Robyn Greene writes: At last week’s Senate Intelligence Committee hearing on Worldwide Threats, FBI Director James Comey reiterated his call for a major expansion of the FBI’s surveillance authorities, but disingenuously downplayed it as fixing a “typo” in the law. In fact, Comey’s proposed fix, which he calls one of the FBI’s top legislative priorities, would be a major expansion of surveillance authority, and a major hit to Americans’ privacy and civil liberties. It would grant the FBI access to a range of revealing and personal details about Americans’ online communications — what are called Electronic Communications Transactional Records (ECTR), in legalese — without court approval.

Through Comey’s “ECTR fix,” the FBI would have the unilateral authority to obtain information from phone and Internet companies about your online communications such as logs of emails you send and receive, cell site data (including your location information), and lists of websites you visit. The FBI wants to get this information using National Security Letters (NSLs), which are demands for information issued directly by local FBI offices without any court approval or supervision.

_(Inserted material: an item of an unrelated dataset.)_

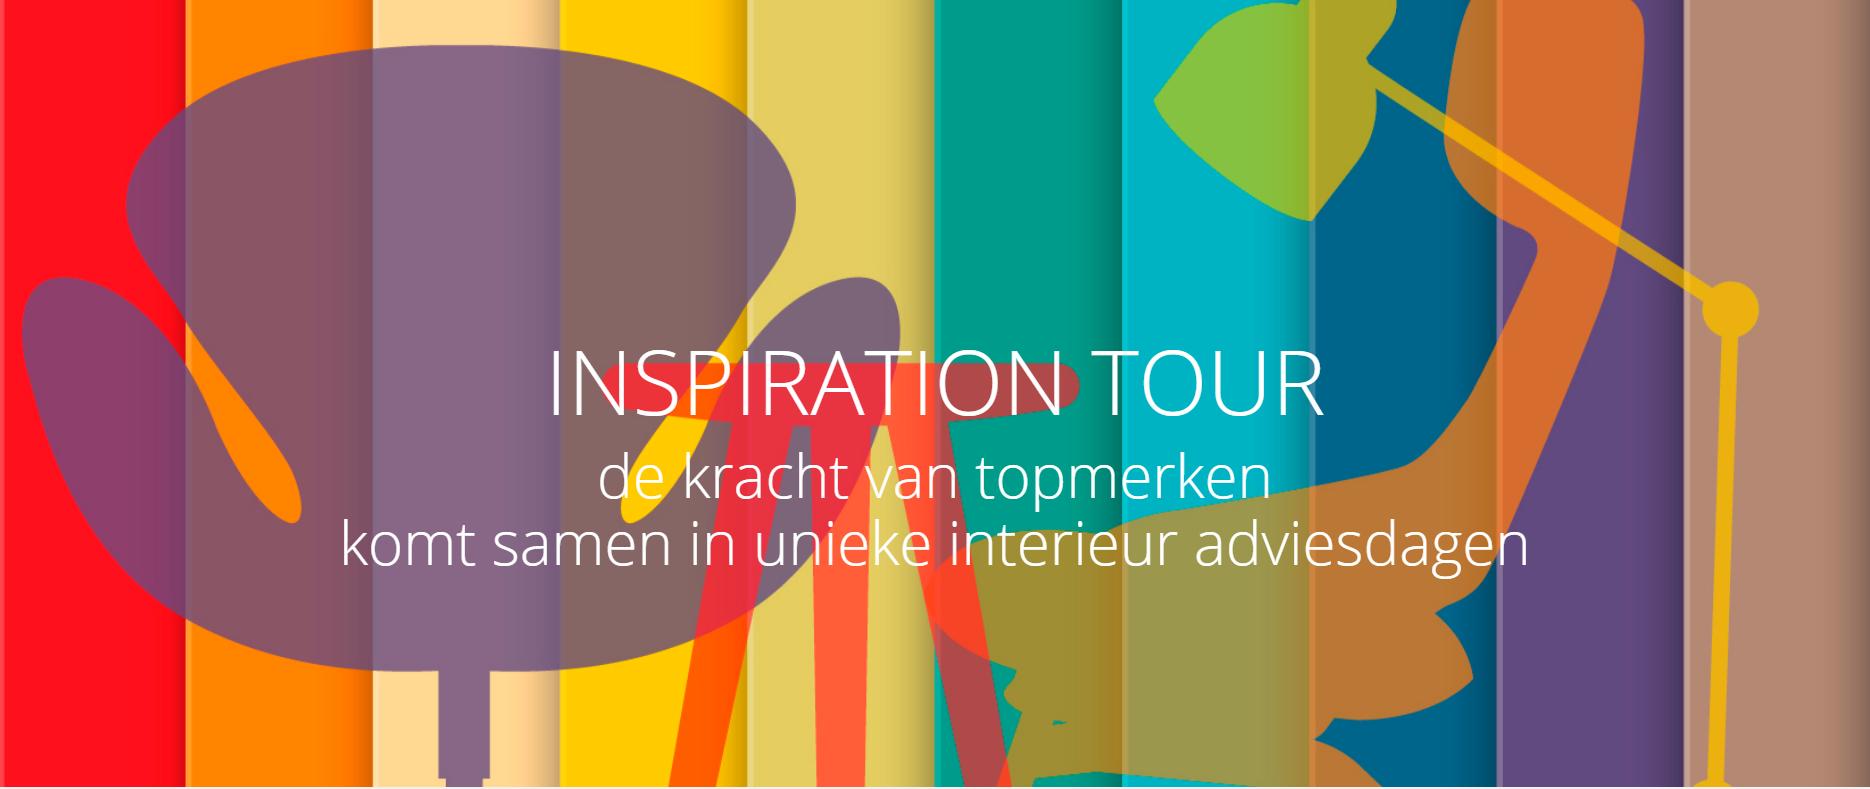 https://www.kooijmaninterieurs.nl/klikproces/wp-content/uploads/2018/05/banner.png

Under current law, the FBI can only use NSLs to get information pertaining to a customer’s “name, address, length of service, and local and long distance toll billing records of a person or entity.” By contrast, if the FBI wants to compel a company to hand over the much more revealing private information that is included in ECTRs, they currently can’t use NSLs — instead, they have to get a court order after convincing a judge that they have a factual basis for demanding those records. Therefore, the FBI’s proposal that Congress add ECTRs to the NSL statute is far from a typo fix, and would instead be a major expansion of FBI’s authority to conduct surveillance with virtually no oversight and no accountability. [Continue reading…]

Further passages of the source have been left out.